第242回目は「マスカレード・ホテル」です。
2019年の日本の推理映画です。
*以降ネタバレ注意です。
子供の頃のある日、学校の担任の先生が、こんな話をしてくれました。
「新宿にあるホテルの宿泊客で、1番多い名前は何か?」という問題です。
本当かどうか解りませんが、答えは
「新宿太郎」だそうです。
つまり、多くの人が偽名を使って宿泊しているというのです。
犯罪者なのか、お忍びなのかは解りませんが、何か理由があって正体を隠しているのでしょう。
その為、ホテルのフロントのカウンターの裏側は指名手配の写真が、ビッシリと並んでいるそうです。

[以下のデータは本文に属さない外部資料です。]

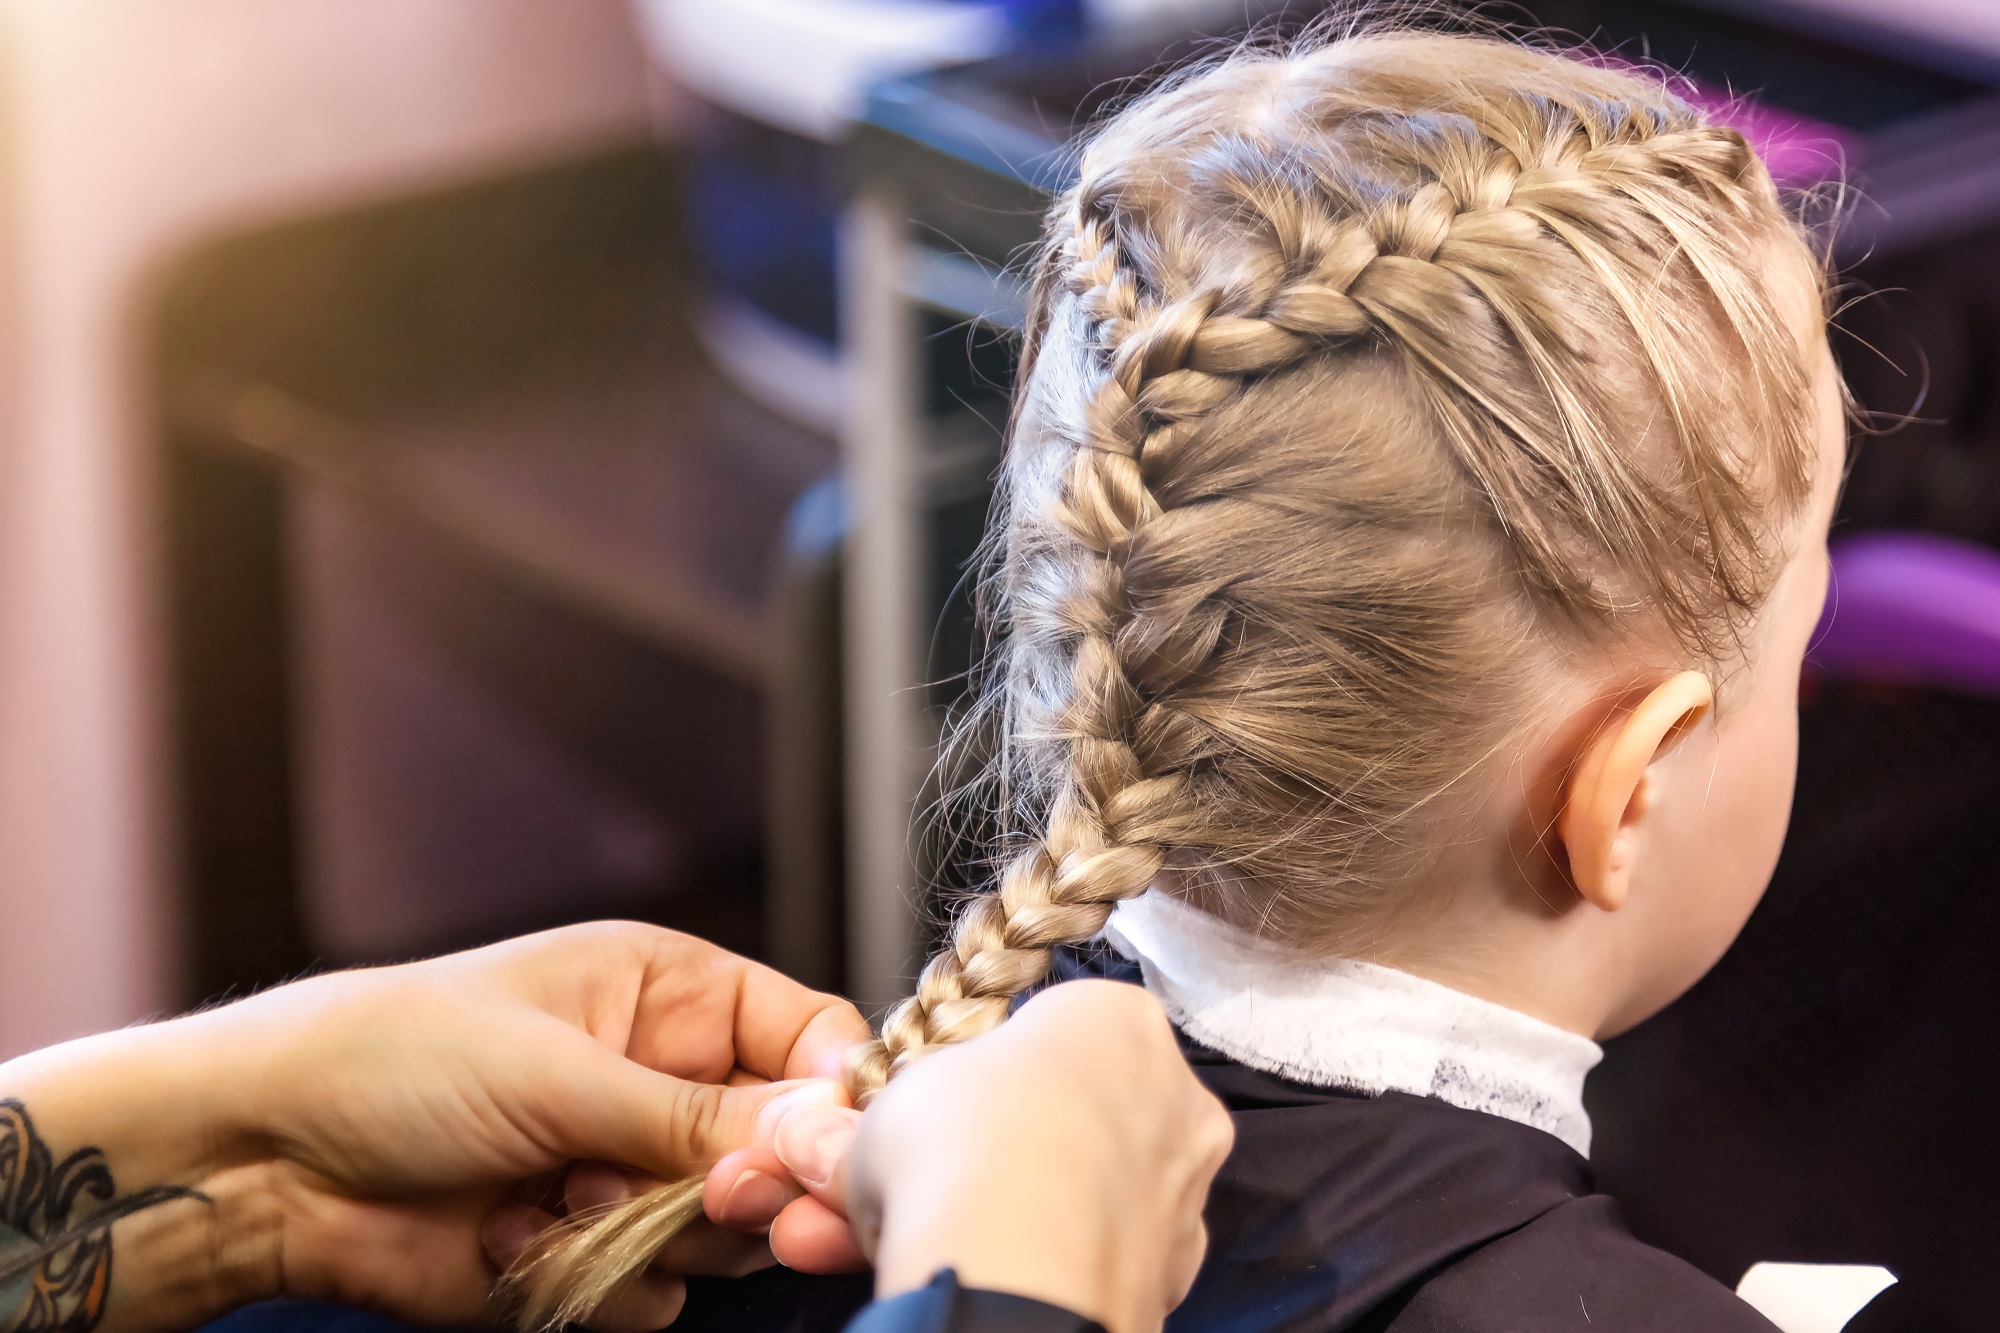 Estes 9 perfis ensinam penteados incríveis para fazer nas crianças!

私はこの話が凄く気に入ったので、よく周りの人にしていました。
オチが弱いので、カウンターの裏には指名手配の写真と、ショットガンがビッシリと並んでいるに変えて話していました。
なんとなく嘘っぽさが増しましたが、それでも「新宿太郎」の話は本当かもしれないと妙に納得していたような気がします。
さて、この映画は東京のホテルを舞台にした犯罪群像劇です。
物語はすでに、三つの連続殺人事件が発生した状態から始まります。
殺人現場には謎の暗号が残されていました。
ついでに言えば、暗号も解読された状況から物語は始まります。
暗号には次の犯行現場が記されていました。
次の犯行現場は「ホテル・コルテシア東京」です。
暗号を解読した主人公の新田浩介をはじめとする警視庁捜査一課はホテル・コルテシア東京に潜入捜査をすることになります。
新田はホテルのフロントマンとして配置されました。
新田の教育係として山岸尚美が任命されます。
新田と山岸は性格と信条が真逆ですが、犯人逮捕および、犯行を未然に防ぐために協力していきます。
果たして犯人は何者なのでしょうか?
犯人の標的は誰なのでしょうか?
是非、観てみてください。
この映画は私にとっては抜群に面白かったと思います。
とにかく登場人物が多くて、誰が犯人なのかなかなか判りません。
どいつもこいつも怪しい顔ばかりです。
客もホテルマンも刑事さえも怪しく思えてきます。
客は客で面倒くさい客ばっかりです。
この客……お客様たちを上手く捌いていくところが、この映画の面白いところでもあります。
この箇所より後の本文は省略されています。